OLD GRINGO, INC., et al., Defendants.


          Honorable Michael S. Berg, United States Magistrate Judge.

         Pending before the Court is the parties' amended “Joint Motion for Determination of Discovery Dispute No. 6 (Re: Letter of Request)” (“Joint Motion”), filed on November 19, 2019. (ECF No. 200.) In the Joint Motion, the parties ask this Court to resolve their disagreements regarding the content of a letter of request seeking assistance with discovery pertaining to Old Gringo, S.A. de C.V. (“OGS”), a Mexican corporate defendant in this case. (Id.) Plaintiff asks the Court to issue her proposed Letter of Request to the Mexican judicial authority, seeking its assistance obtaining documents from and taking the depositions of OGS and three of its key employees and/or owners. (Id. at 6-29.) Defendants do not object to the issuance of a Letter of Request. (Id. at 4.) Instead, they raise specific objections to the following aspects of Plaintiff's proposed Letter of Request: (1) the factual summary, (2) the provisions regarding confidential designations under the protective order, (3) the scope of document production sought from OGS, and (4) deposition topics requested for all witnesses. (Id. at 4-5; ECF No. 200-1 at 9-14).

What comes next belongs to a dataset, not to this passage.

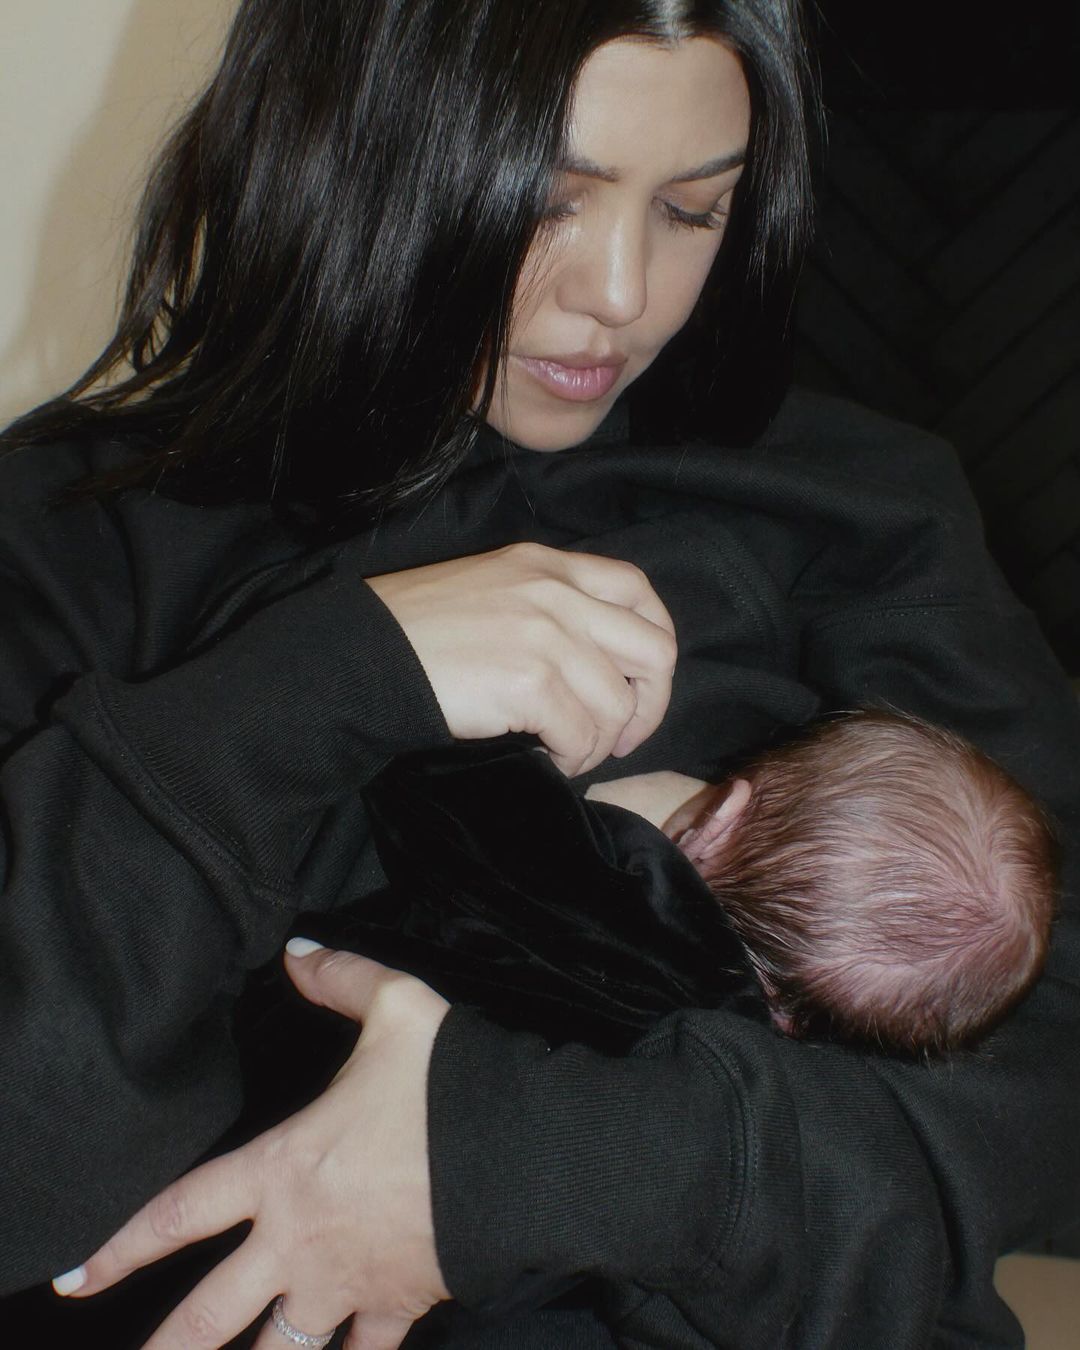 Kourtney pictured with her newborn baby Rocky

The Court addresses each of these disputes in turn, below.


         Plaintiff, a former designer for Defendants Old Gringo, Inc. (“OGI”) and OGS, a Western wear manufacturer and distributor and its Mexican sister company, alleges that the principles and officers of the Old Gringo Companies, Defendants Ernest Tarut (“Tarut”) and Yan Ferry (“Ferry”), told her in January 2013 that they were giving her a 5% ownership interest in the Old Gringo Companies, but in fact, no such interest was conveyed. (See ECF No. 1.) This basic allegation underlies all of the causes of action remaining in this case. Plaintiff maintains causes of action against OGI, OGS, Tarut, and Ferry for (1) fraud and fraudulent misrepresentation, (2) specific performance (to the extent this claim is not based upon contract), (3) promissory fraud, (4) concealment, (5) negligent misrepresentation, (6) promissory estoppel, and (7) unjust enrichment. (Id.; see also ECF No. 62 at 32 (granting in part Defendants' Motion for Summary Judgment by dismissing contract claim and specific performance claim solely to the extent it was premised on breach of contract, and denying all other grounds for summary judgment), ECF No. 163 at 16 (denying Defendants' subsequent Motion for Summary Judgment).) Among her damages, Plaintiff claims that she is entitled to the value of the 5% interest in OGI and OGS and punitive damages.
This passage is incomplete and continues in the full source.